If you guys have any tips please let me know I'm still new at owning a shepherd 


Sent from Petguide.com Free App


----------



## marbury (Apr 3, 2012)

Birth! 

Don't think of it as 'training' at this age; think of it as 'constructive play'. It's not a time for correcting bad behavior, it's a time for rewarding good behavior and redirecting what you don't like.


----------



## bill (Nov 8, 2013)

Agree u can train 24 7 as long as they don't know they are being trained like a school field trip the kids have fun always want to go don't realize they are learning to busy having fun

Sent from Petguide.com Free App


----------



## ivanmungarro (Nov 15, 2013)

Ok makes sense so


Sent from Petguide.com Free App


----------



## ivanmungarro (Nov 15, 2013)

Play with him


Sent from Petguide.com Free App


----------



## bill (Nov 8, 2013)

Fun fun fun never get frustrated always end on a good note if you are teaching stay for example and he keeps moving put him back if he stays 7 sec quit phrase him good boy build up times hope this helped fun fun fun

Sent from Petguide.com Free App


----------



## stmcfred (Aug 13, 2013)

I started training Lola commands the day after I got her (8weeks). But I make them fun for her and we do them all day throughout the day


----------



## scarmack (Aug 14, 2013)

Training never stops. Even when your not "training" your still training. Your dog will pick up on every little thing that happens every day and will learn what they can get away with, etc.

If you let you puppy on the furniture, you just trained your dog that its okay to jump on objects. If you feed your dog human feed, you trained them its okay to beg for human food. Etc etc etc.

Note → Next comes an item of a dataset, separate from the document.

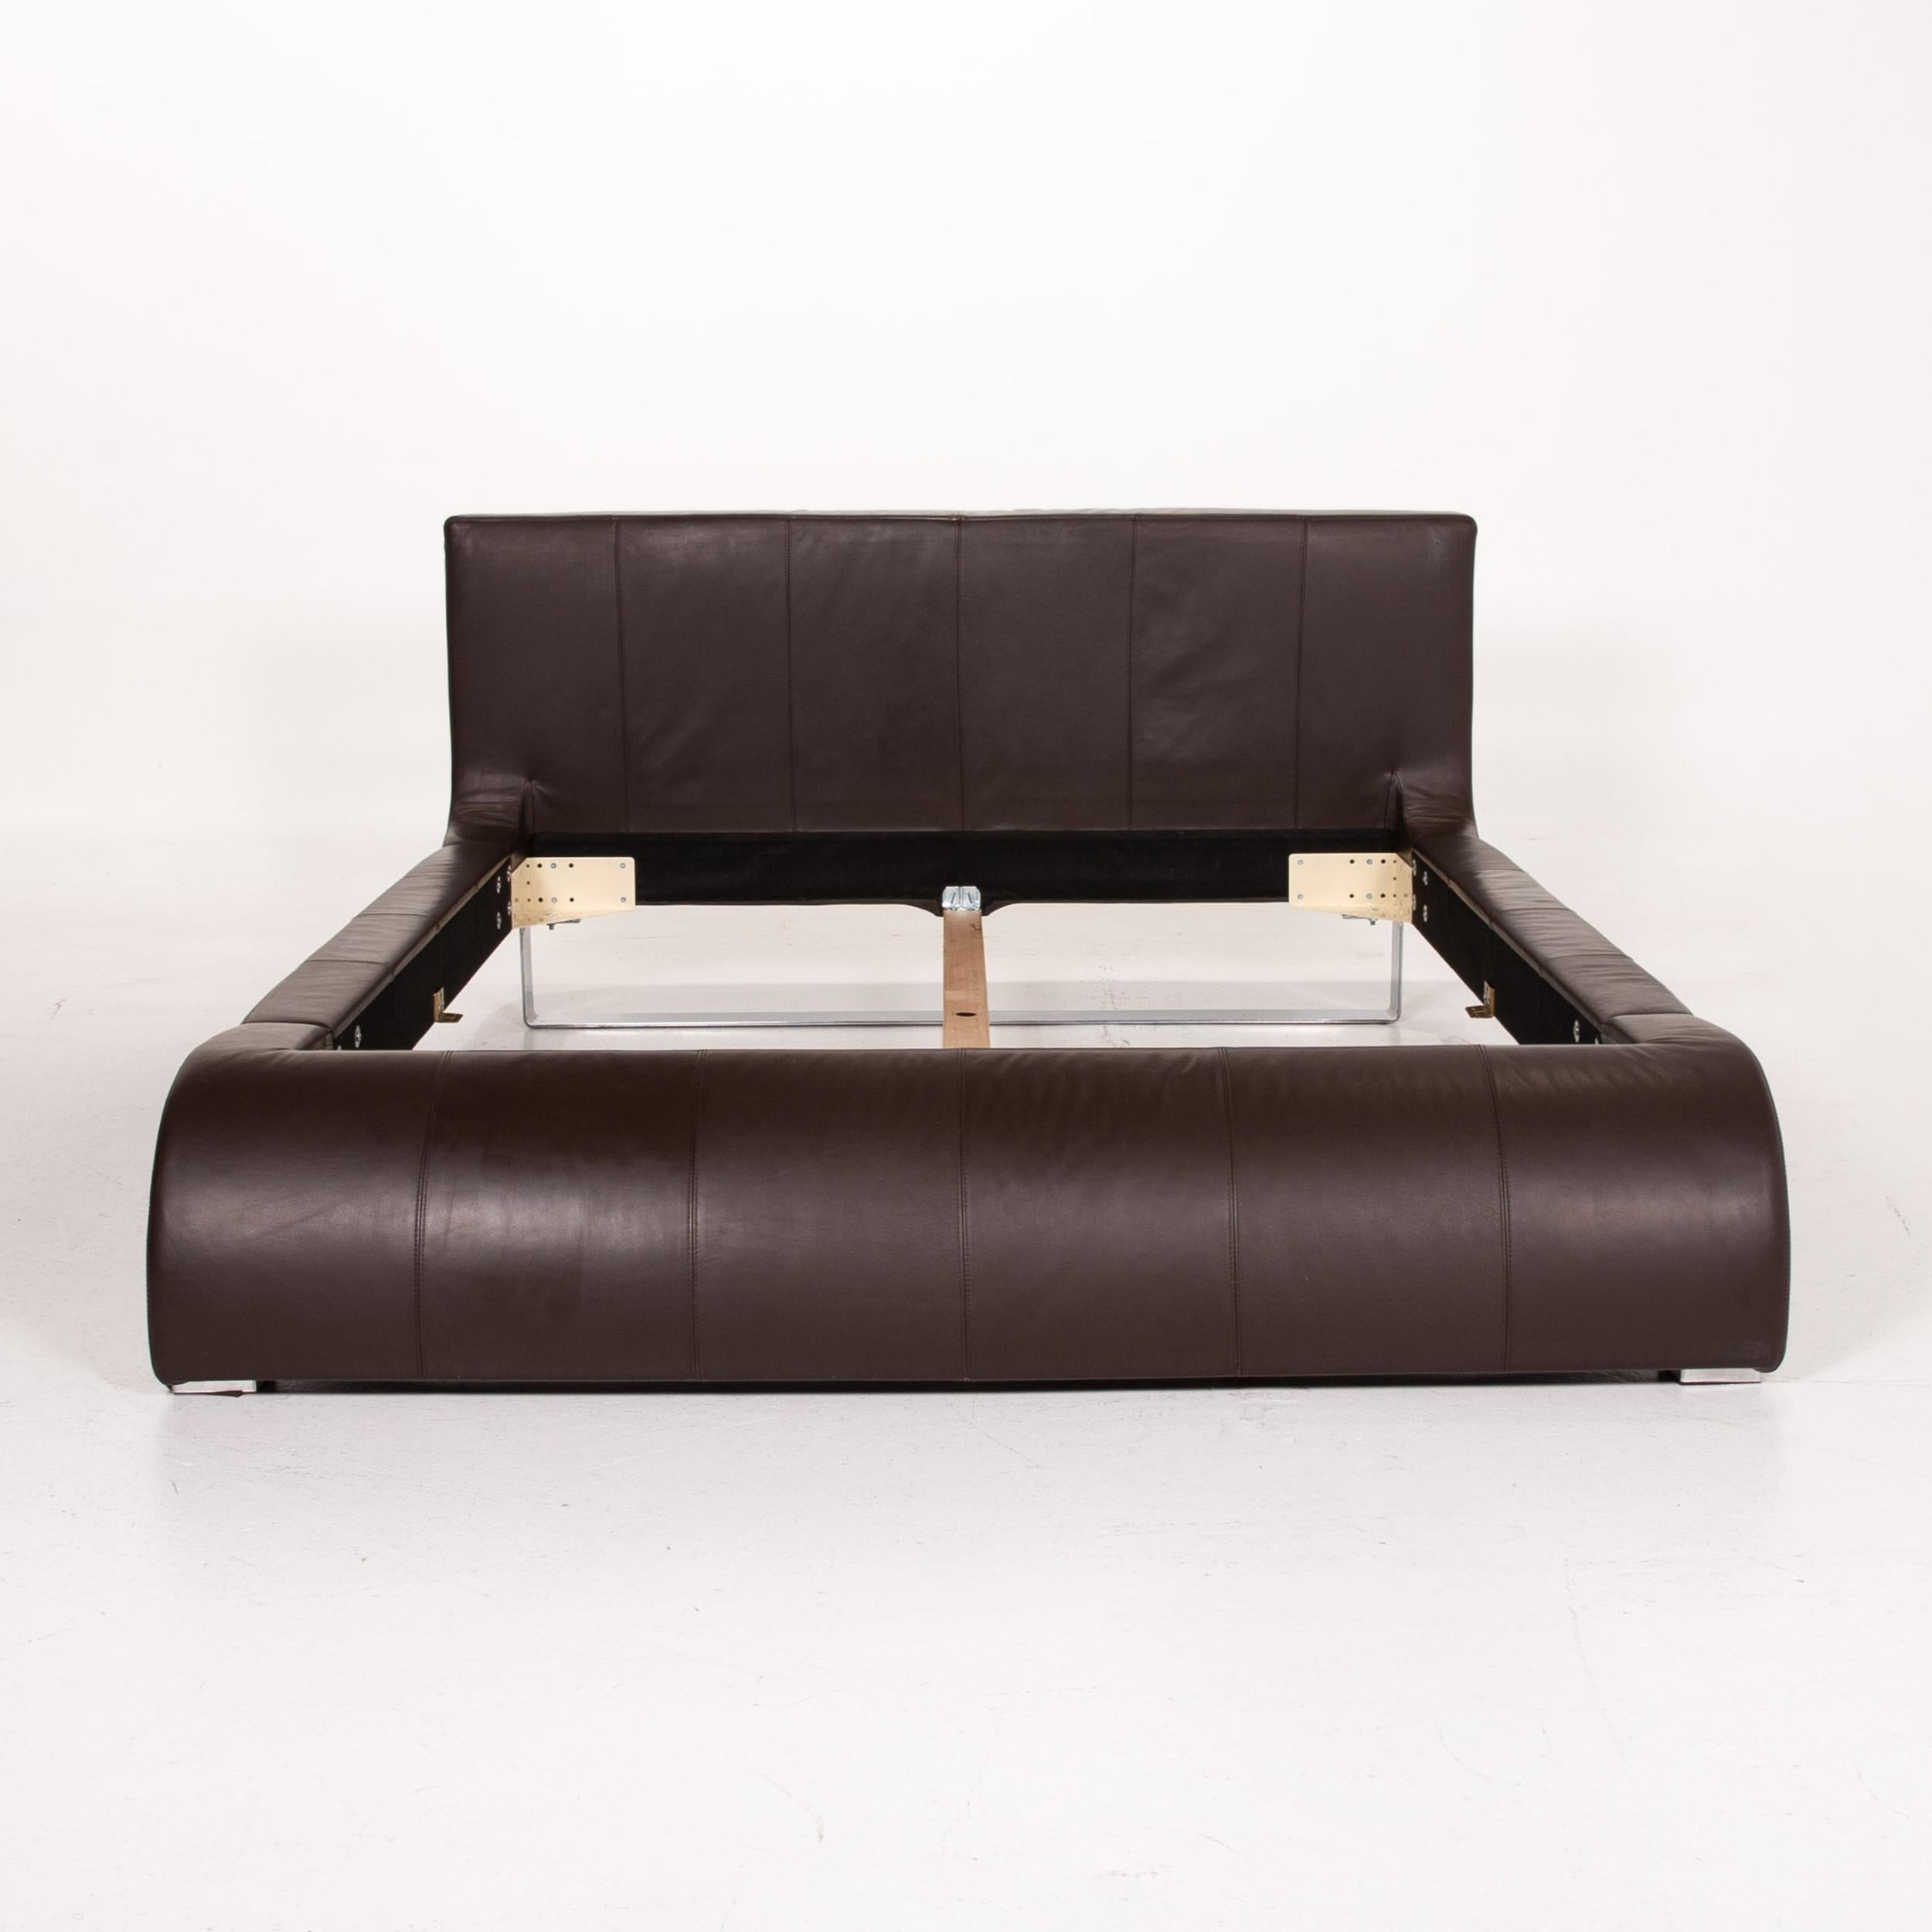 Joop! Swing Leather Double Bed Brown Dark Brown Bed In Good Condition For Sale In Cologne, DE

Be firm, stay fair but most importantly stay fun.


----------



## gsdlover91 (Jul 21, 2012)

I started training the day Berlin came home and will continue to train for a long time.  


Sent from Petguide.com Free App


----------



## ivanmungarro (Nov 15, 2013)

What tips do you have for keeping him in a Crate he will cry all night and not let anyone sleep what should I do


Sent from Petguide.com Free App


----------



## doggiedad (Dec 2, 2007)

wait it out. he may need to go out a few times overnight.

i think you should enroll in a puppy class and continue to OB.
i like private lessons in the begining.



ivanmungarro said:


> What tips do you have for keeping him in a Crate he will cry all night and not let anyone sleep what should I do
> 
> 
> Sent from Petguide.com Free App


----------



## readaboutdogs (Jul 8, 2001)

When Cody was a pup we had a big bean bag, I'd throw a tennis ball into the bean bag and he'd go jump into it to get the ball! Then I'd move the bean bag over by me and toss the ball and he'd come running back with it and jump in the bean bag! That was fun! Also started right away with taking food/treats from my fingers gently. That stayed with him all his life!


----------



## readaboutdogs (Jul 8, 2001)

Oh yeah and laying him down brushing and massaging all over, check between each toe, lift his tail. We have ticks so even with preventive I always did a daily tick check, they love to get between toes! As adult dogs then I still could lay them over and handle them any way I needed. If they would pull back or try to get up I just hug/pet massage them tell them "you let me see that" always gentle, they would just lay over and enjoy the attention!


----------